MichaelMatulef on Nostr: Indeed, the arguments supposedly proving market failures are nothing short of ...

Indeed, the arguments supposedly proving market failures are nothing short of patently absurd. Stripped of their disguise of technical jargon all they prove is this: A market is not perfect, as it is characterized by the nonaggression principle imposed on conditions marked by scarcity, and so certain goods or services that could only be produced and provided if aggression were allowed will not be produced. True enough. But no market theorist would ever dare deny this. Yet, and this is decisive, this “imperfection” of the market can be defended, morally as well as economically, whereas the supposed “perfections” of markets propagated by the public goods theorists cannot. It is true enough, too, that a termination of the state’s current practice of providing public goods would imply some change in the existing social structure and the distribution of wealth.
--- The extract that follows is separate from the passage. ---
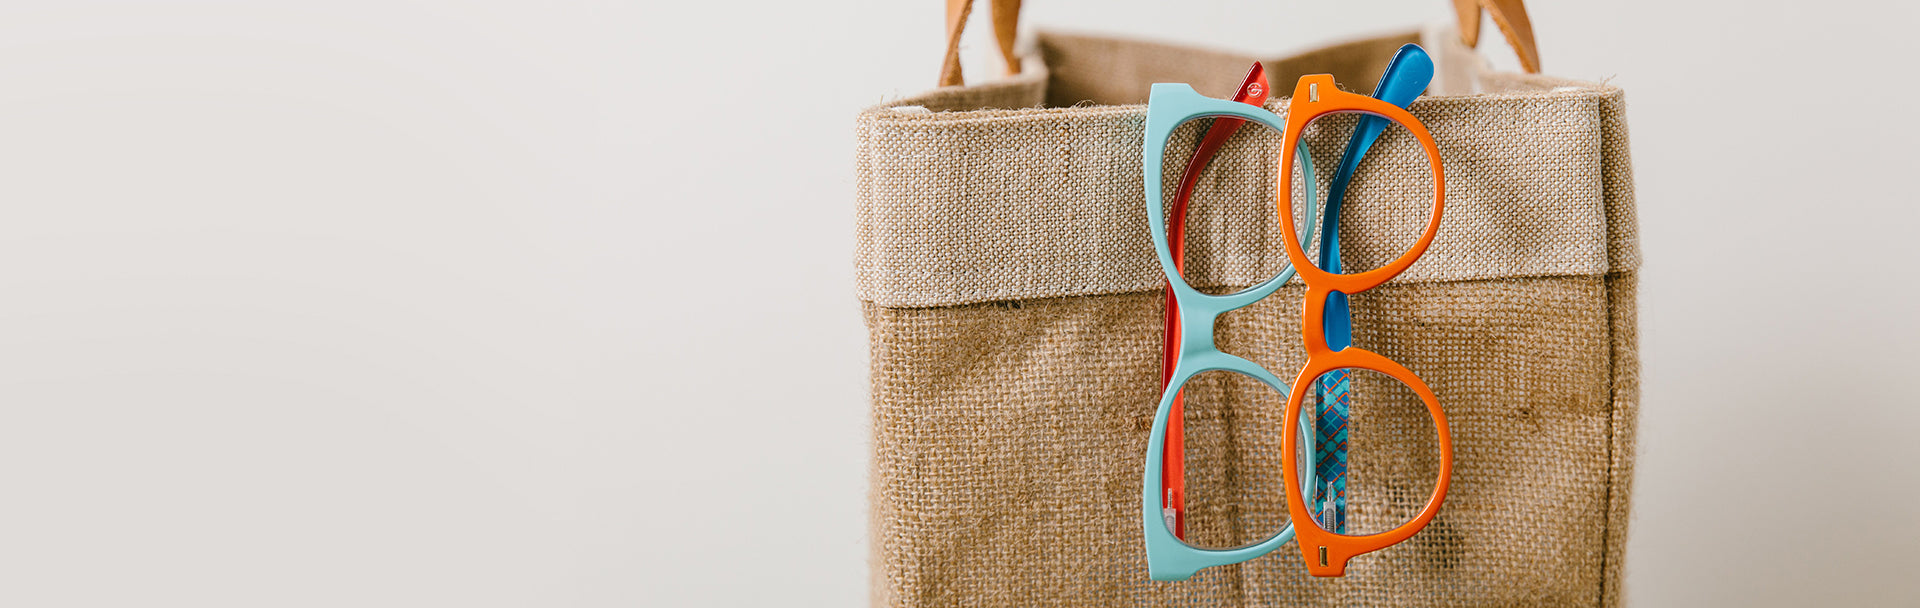 Peepers Reading Glasses Hung Over Side Of Bag

And such a reshuffling would certainly imply hardship for some people. As a matter of fact, this is precisely why there is widespread public resistance to a policy of privatizing state functions, even though in the long run overall social wealth would be enhanced by this very policy. Surely, however, this fact cannot be accepted as a valid argument demonstrating the failure of markets. If a man has been allowed to hit other people on the bead and is now not permitted to continue with this practice, he is certainly hurt. But one would hardly accept that as a valid excuse for upholding the old (hitting) rules. He is harmed, but harming him means substituting a social order in which every consumer has an equal right to determine what and how much of anything is produced, for a system in which some consumers have the right to determine in what respect other consumers are not allowed to buy voluntarily what they want with the means justly acquired by them and at their disposal. And certainly, such a substitution would be preferable from the point of view of all consumers as voluntary consumers.